What you are asked to do —
From the material below, set down exactly the lines that run from the one containing "Brand Optometry Photo" to the one containing "Cuppone LLKTZ6202 Tiziano", minus the pictures.

─── Stored data

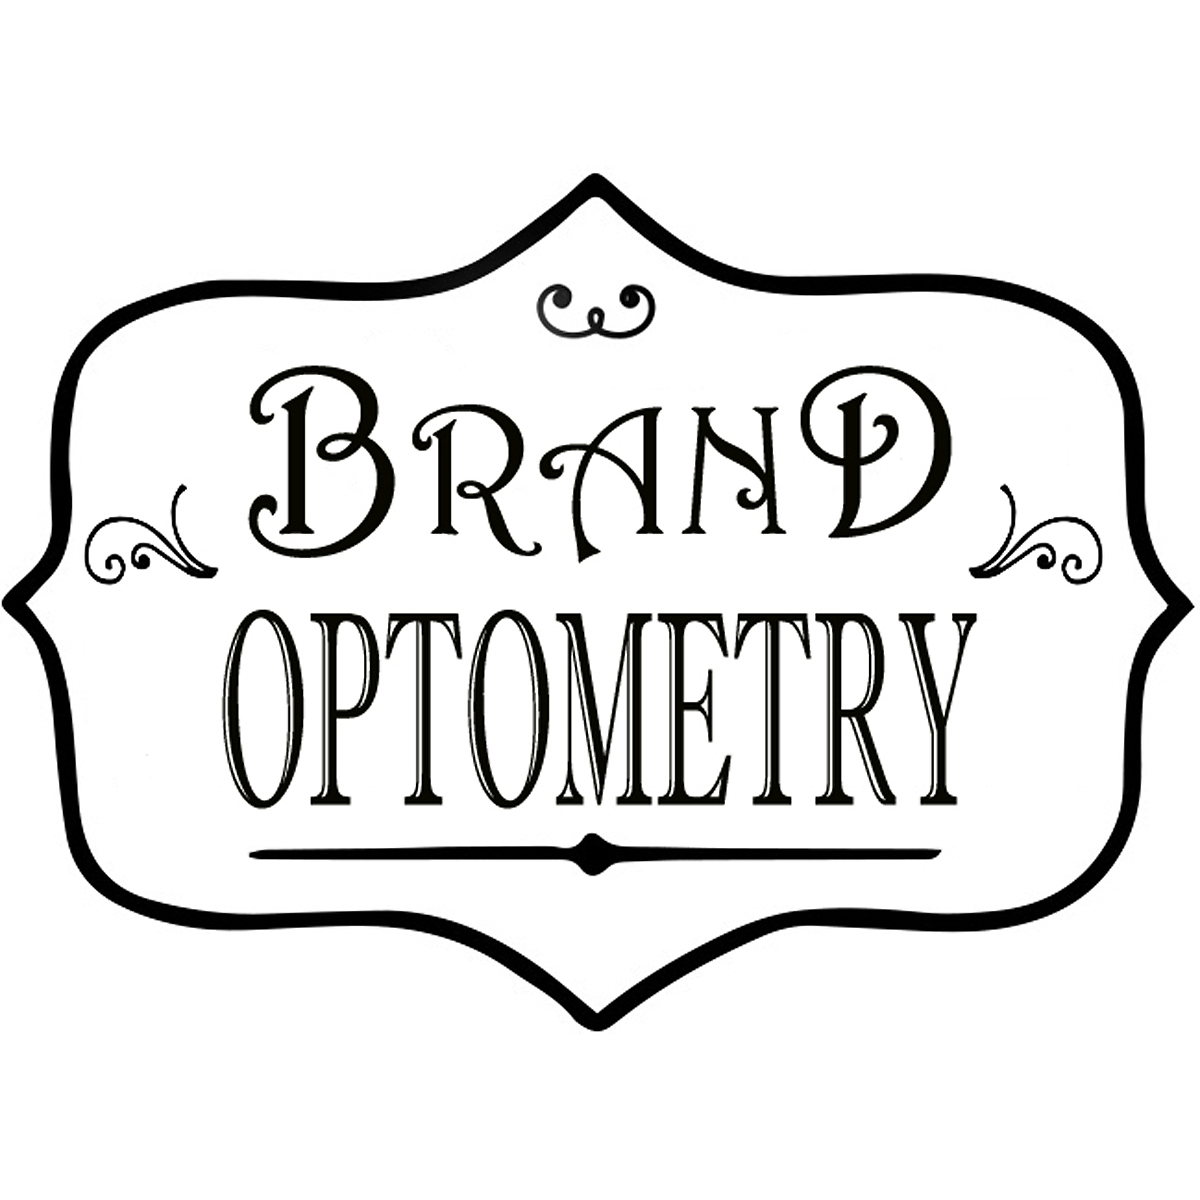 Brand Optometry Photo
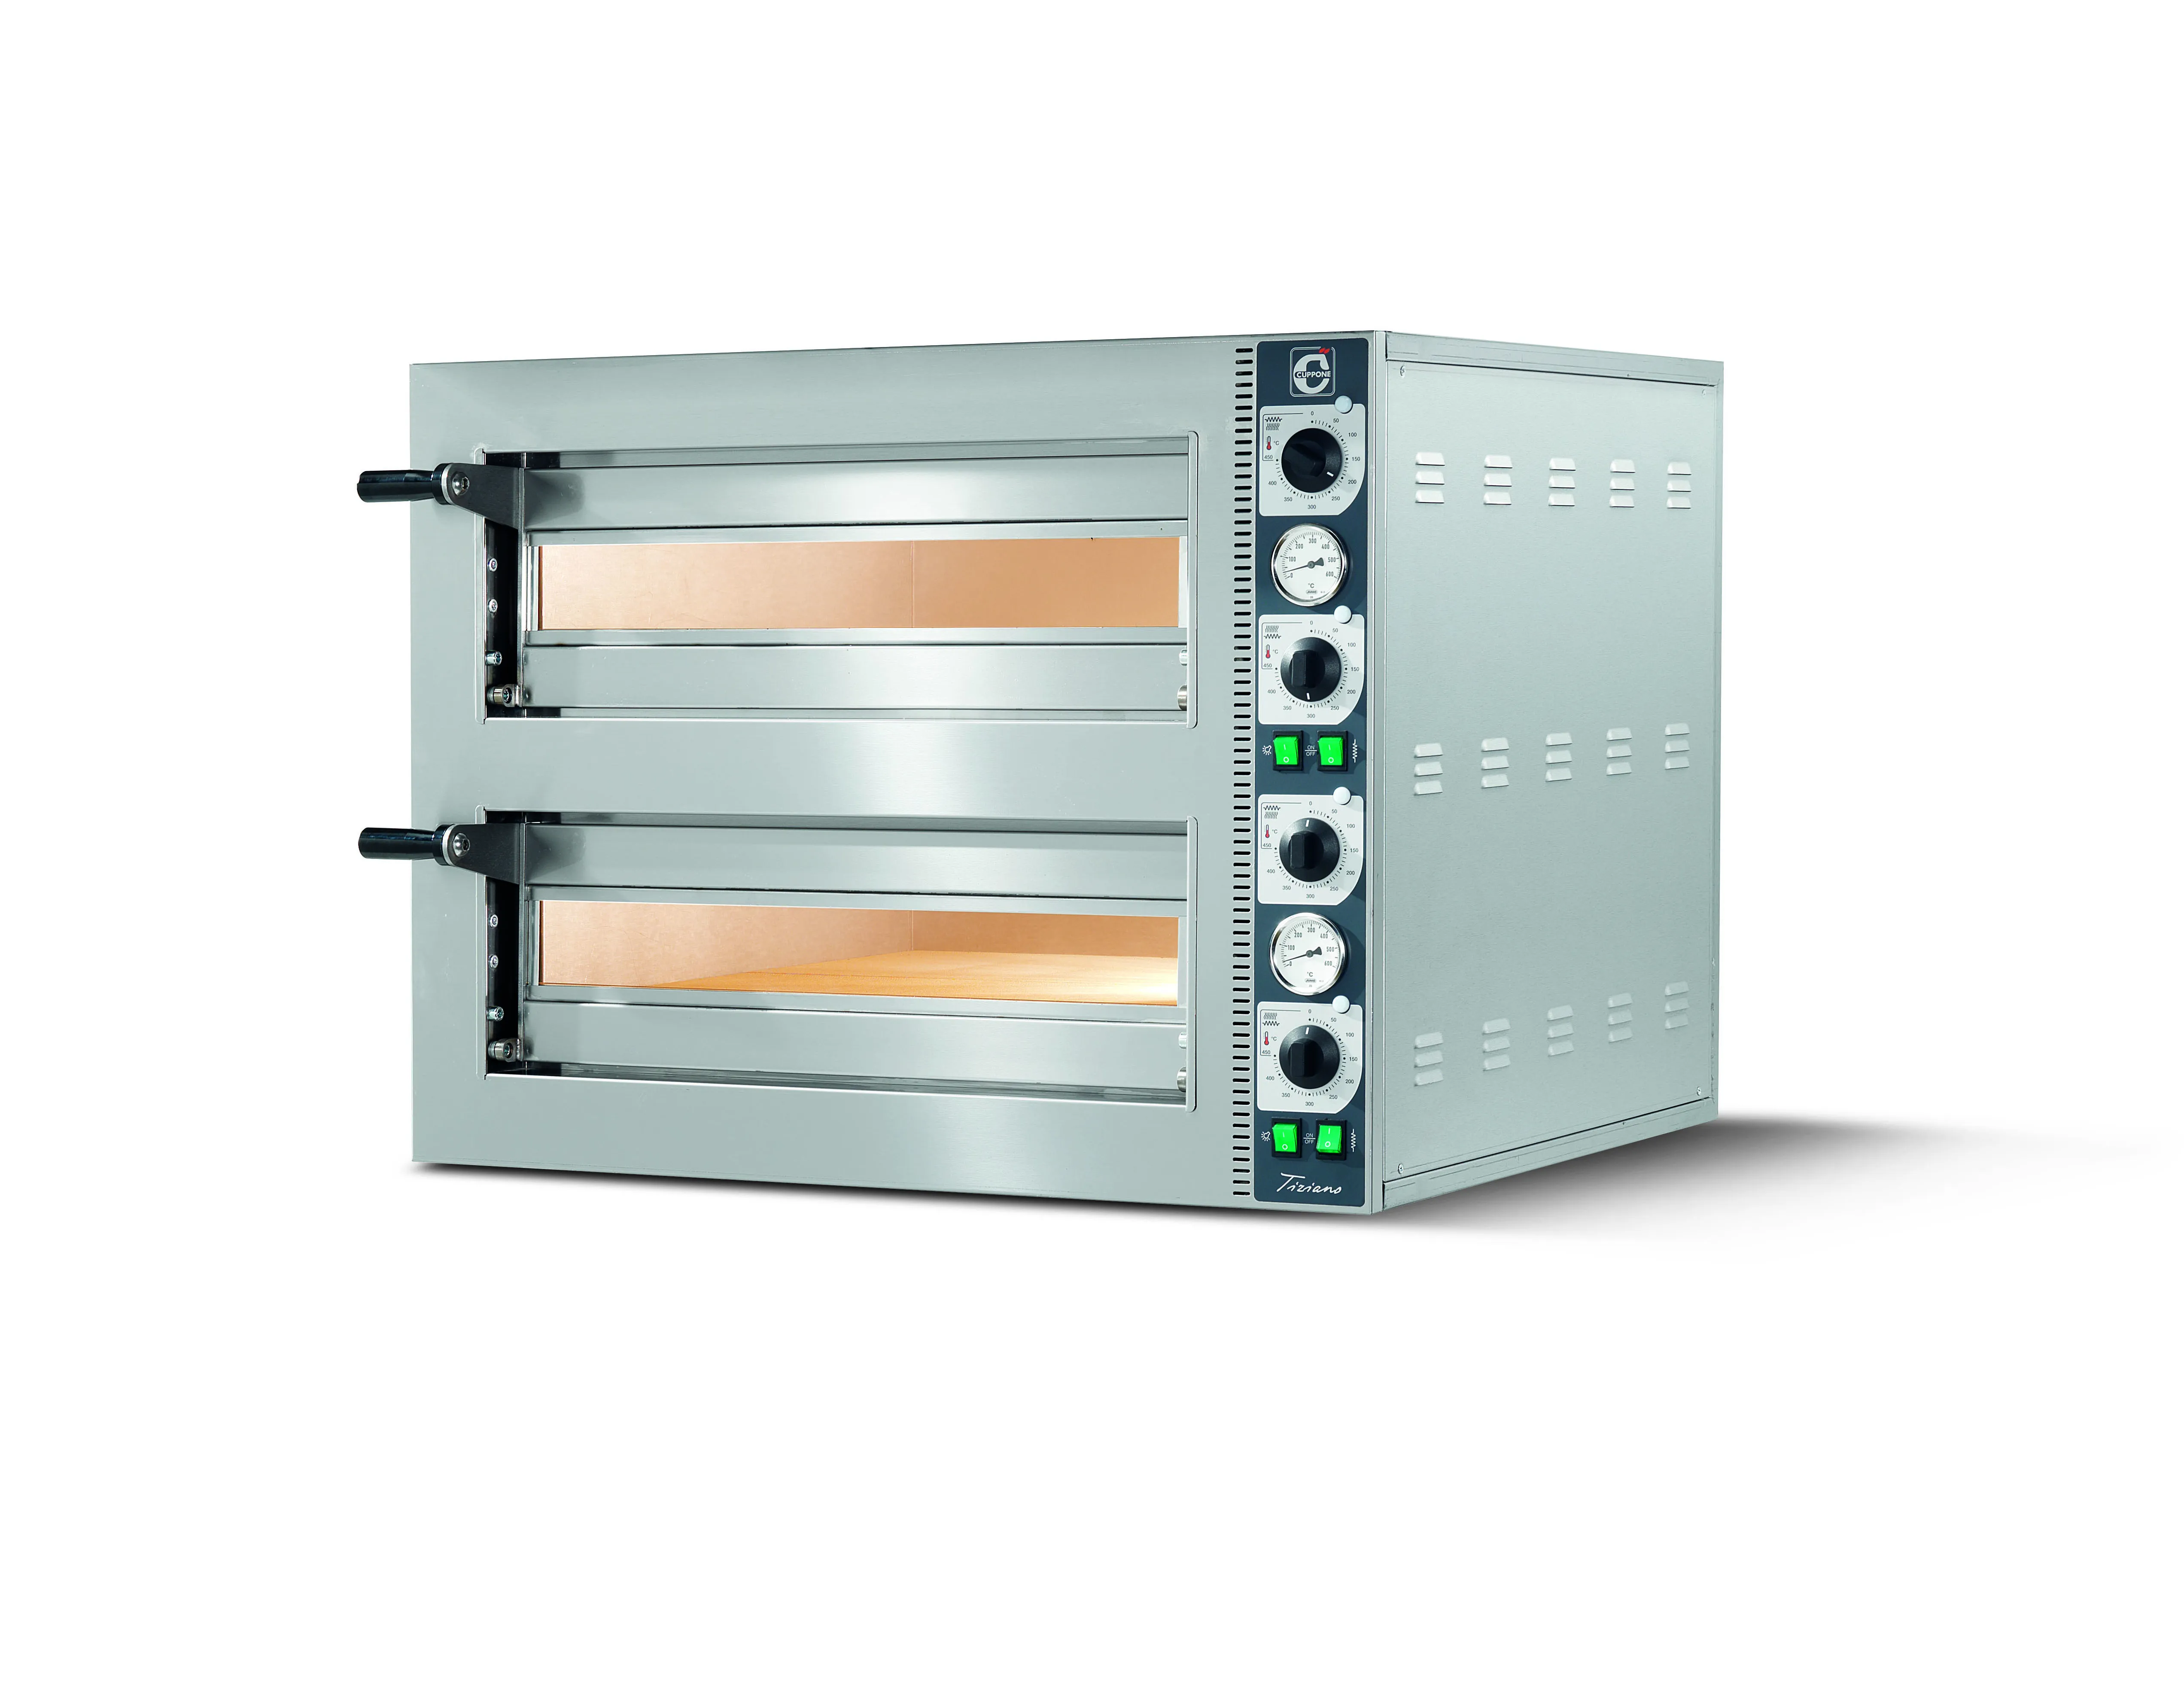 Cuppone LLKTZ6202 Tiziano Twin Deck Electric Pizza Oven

──────
─── Stored data

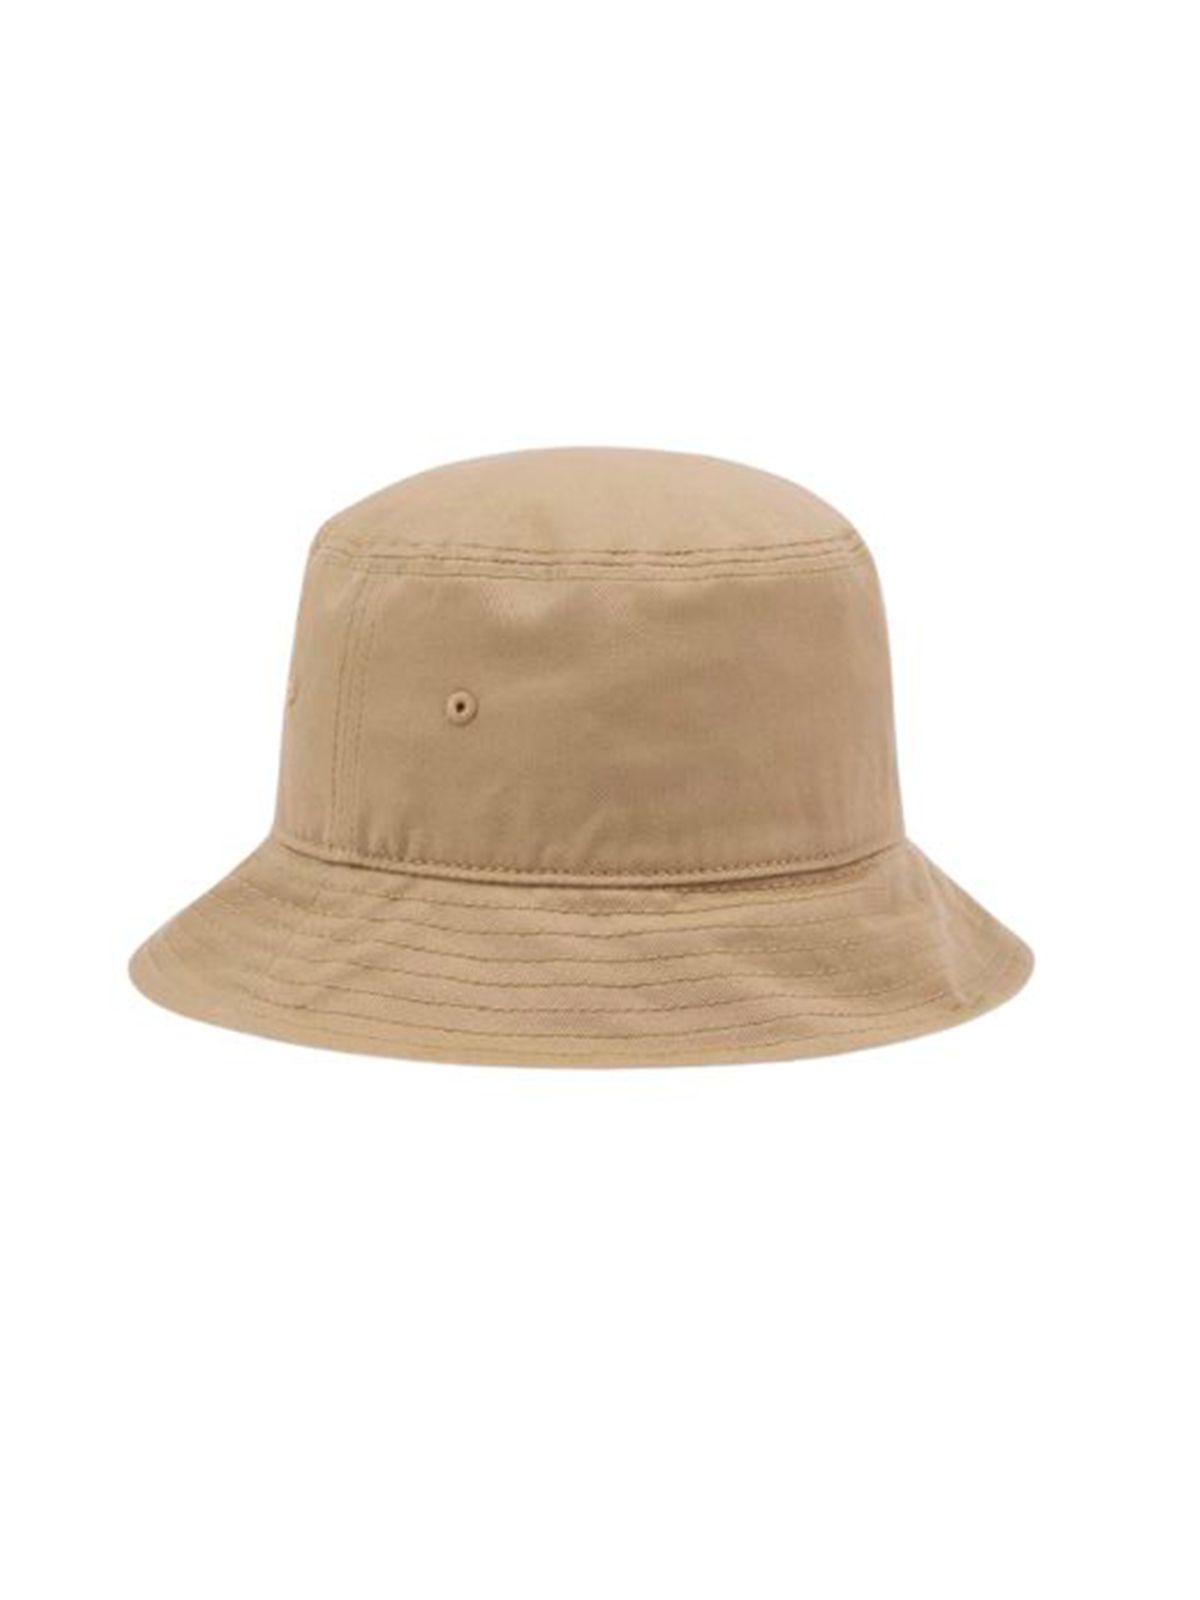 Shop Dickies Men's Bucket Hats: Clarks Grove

──────
─── Stored data

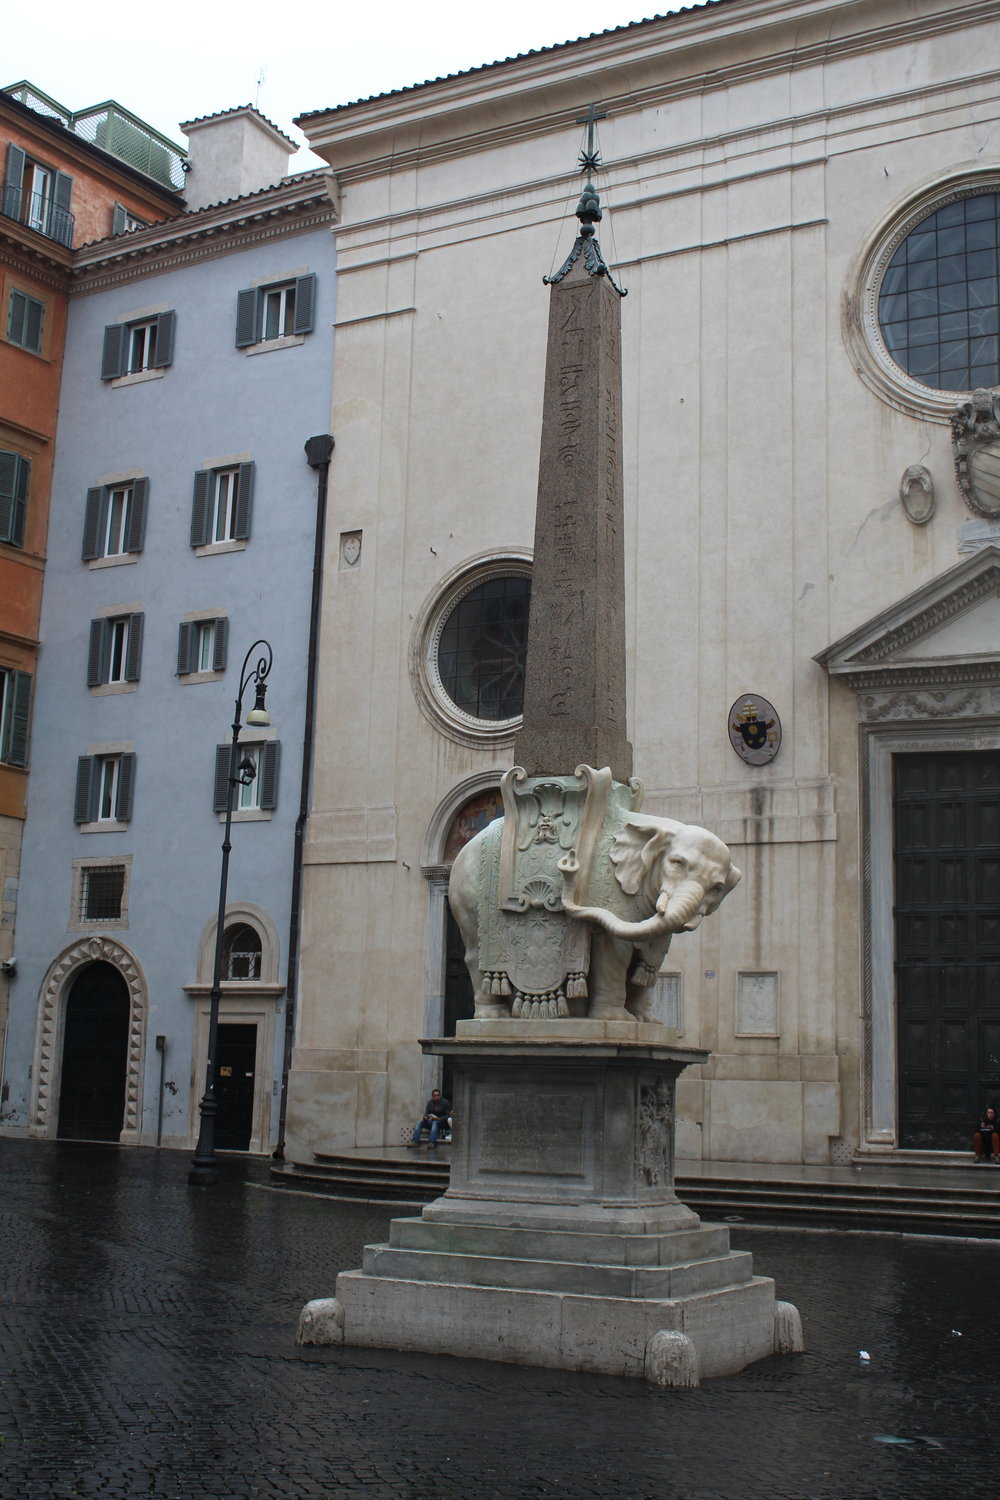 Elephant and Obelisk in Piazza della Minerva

──────

Solution to the problem —
 Brand Optometry Photo
 Cuppone LLKTZ6202 Tiziano Twin Deck Electric Pizza Oven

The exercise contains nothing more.